Data:
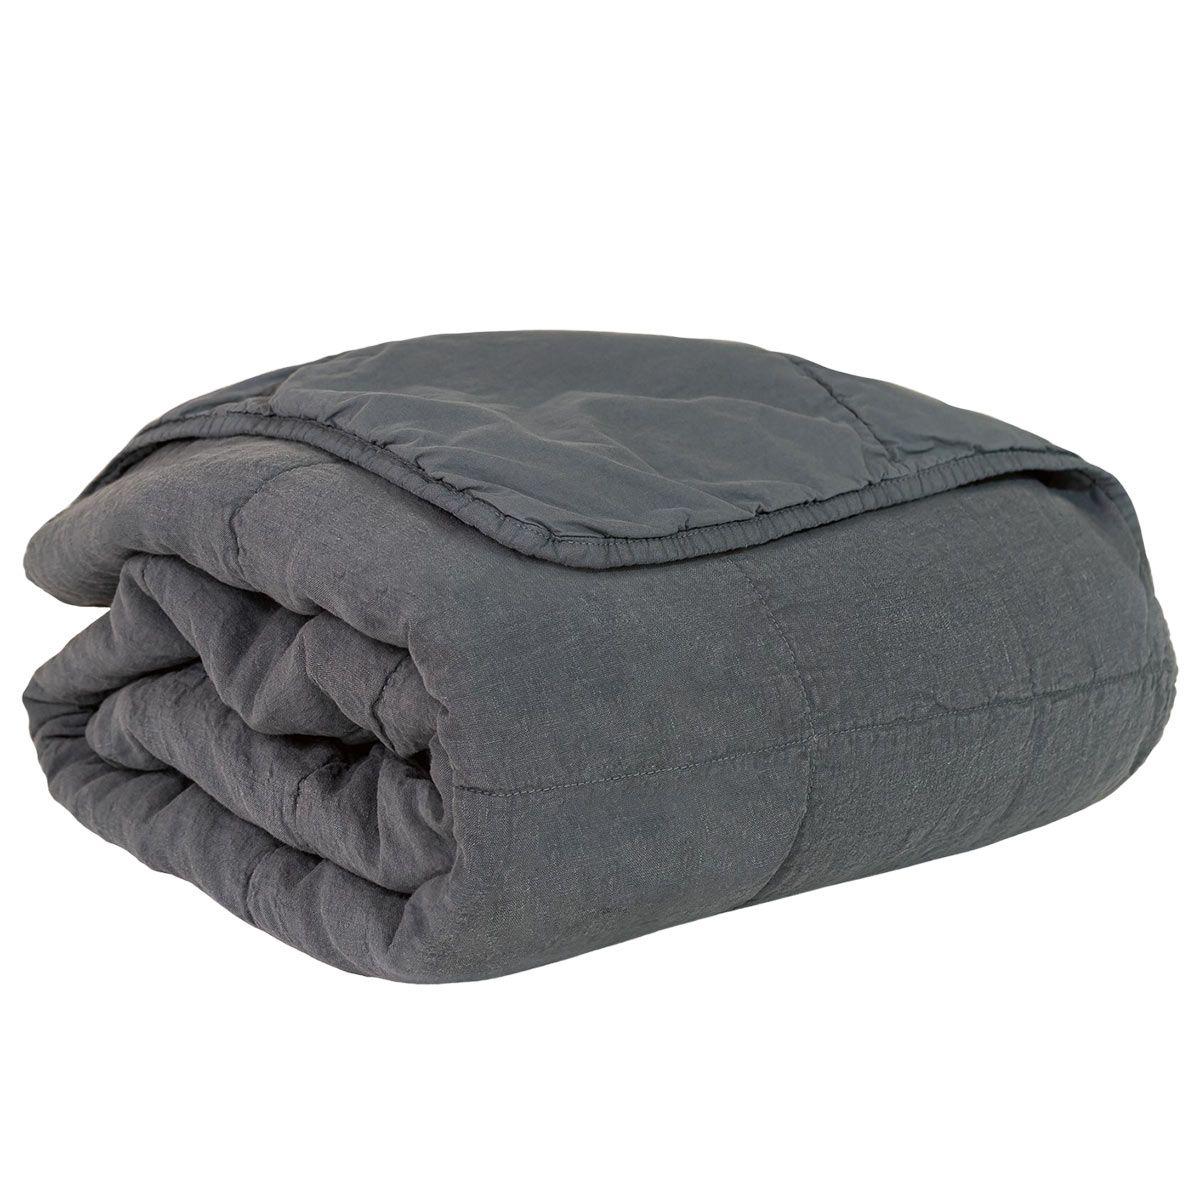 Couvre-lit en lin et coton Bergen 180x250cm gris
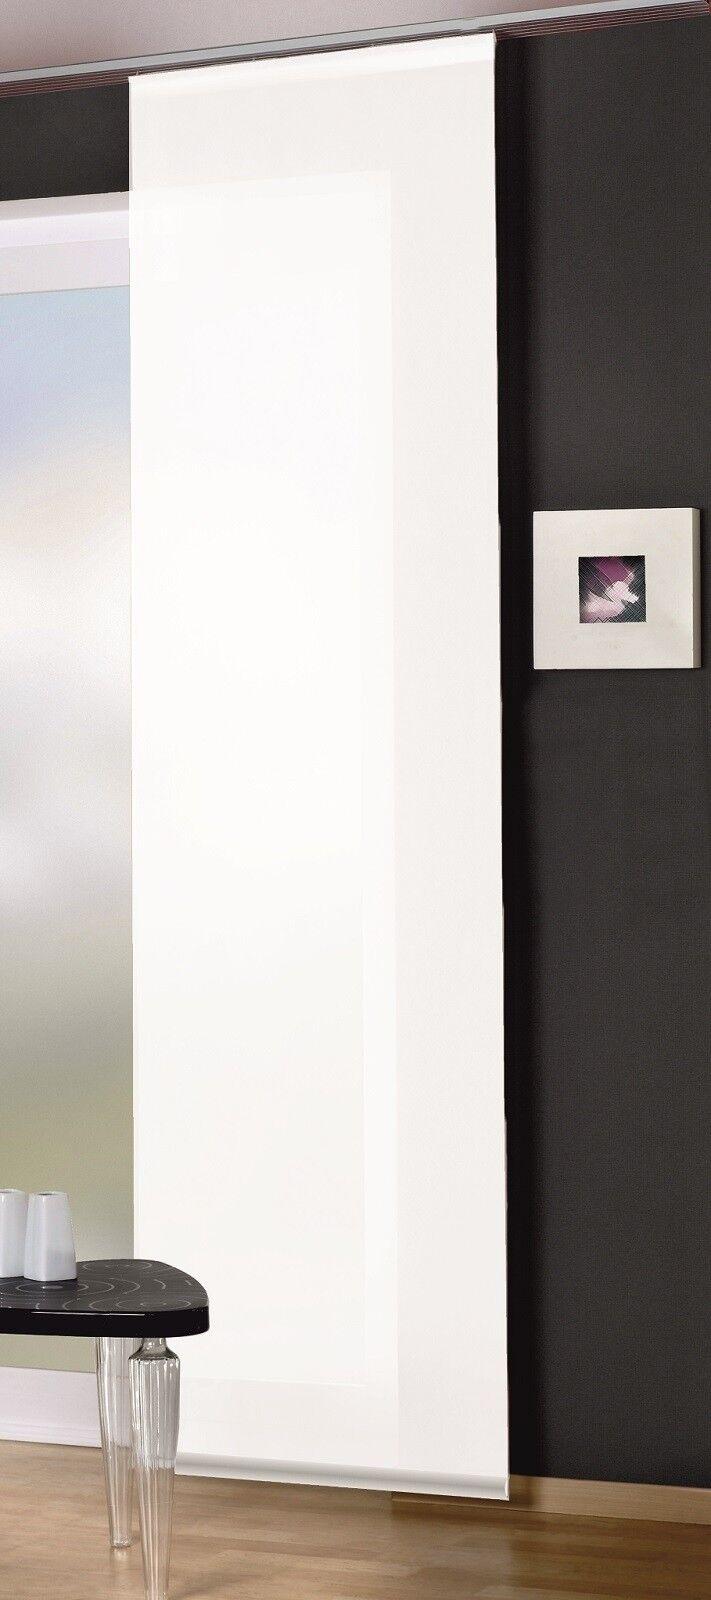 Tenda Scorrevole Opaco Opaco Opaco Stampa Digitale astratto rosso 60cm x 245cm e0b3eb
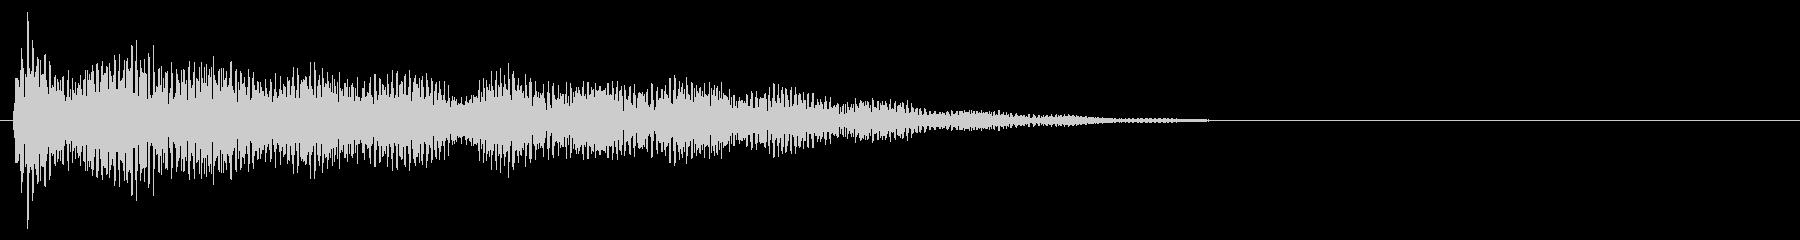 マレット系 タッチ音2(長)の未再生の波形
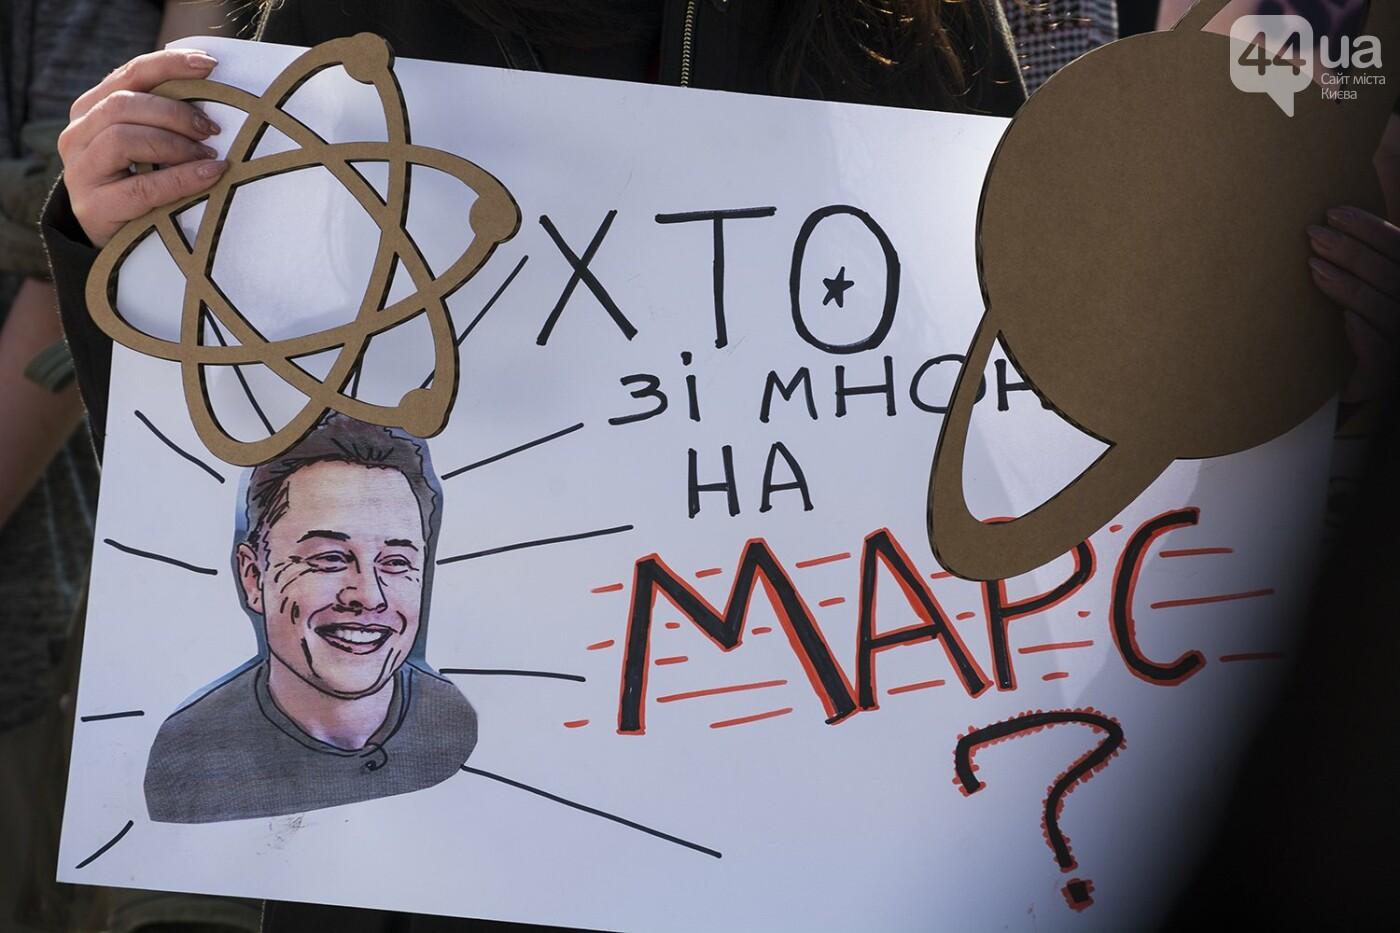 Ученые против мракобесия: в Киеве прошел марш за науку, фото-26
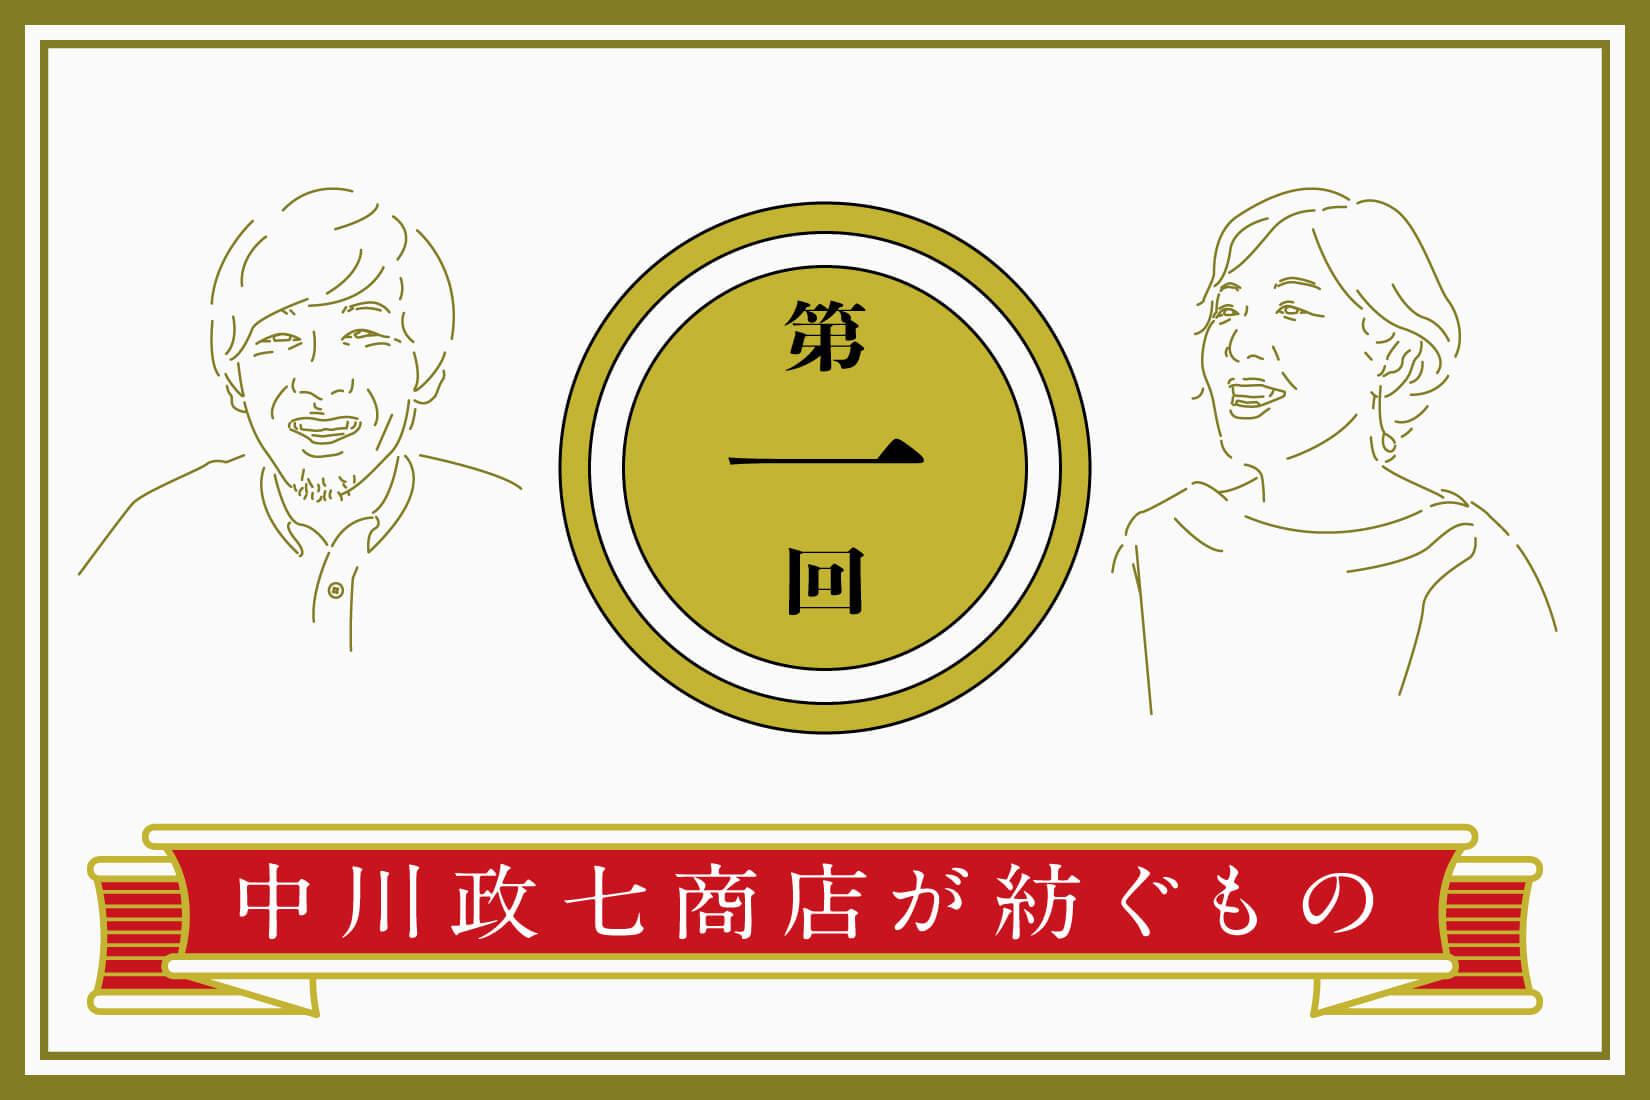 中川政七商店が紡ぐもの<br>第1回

Exercise description:
Write out, exactly as they stand, the line with "Ученые против мракобесия: в" and every line after it through the end of the entries above; omit the pictures.

Exercise solution:
 Ученые против мракобесия: в Киеве прошел марш за науку, фото-26
 中川政七商店が紡ぐもの<br>第1回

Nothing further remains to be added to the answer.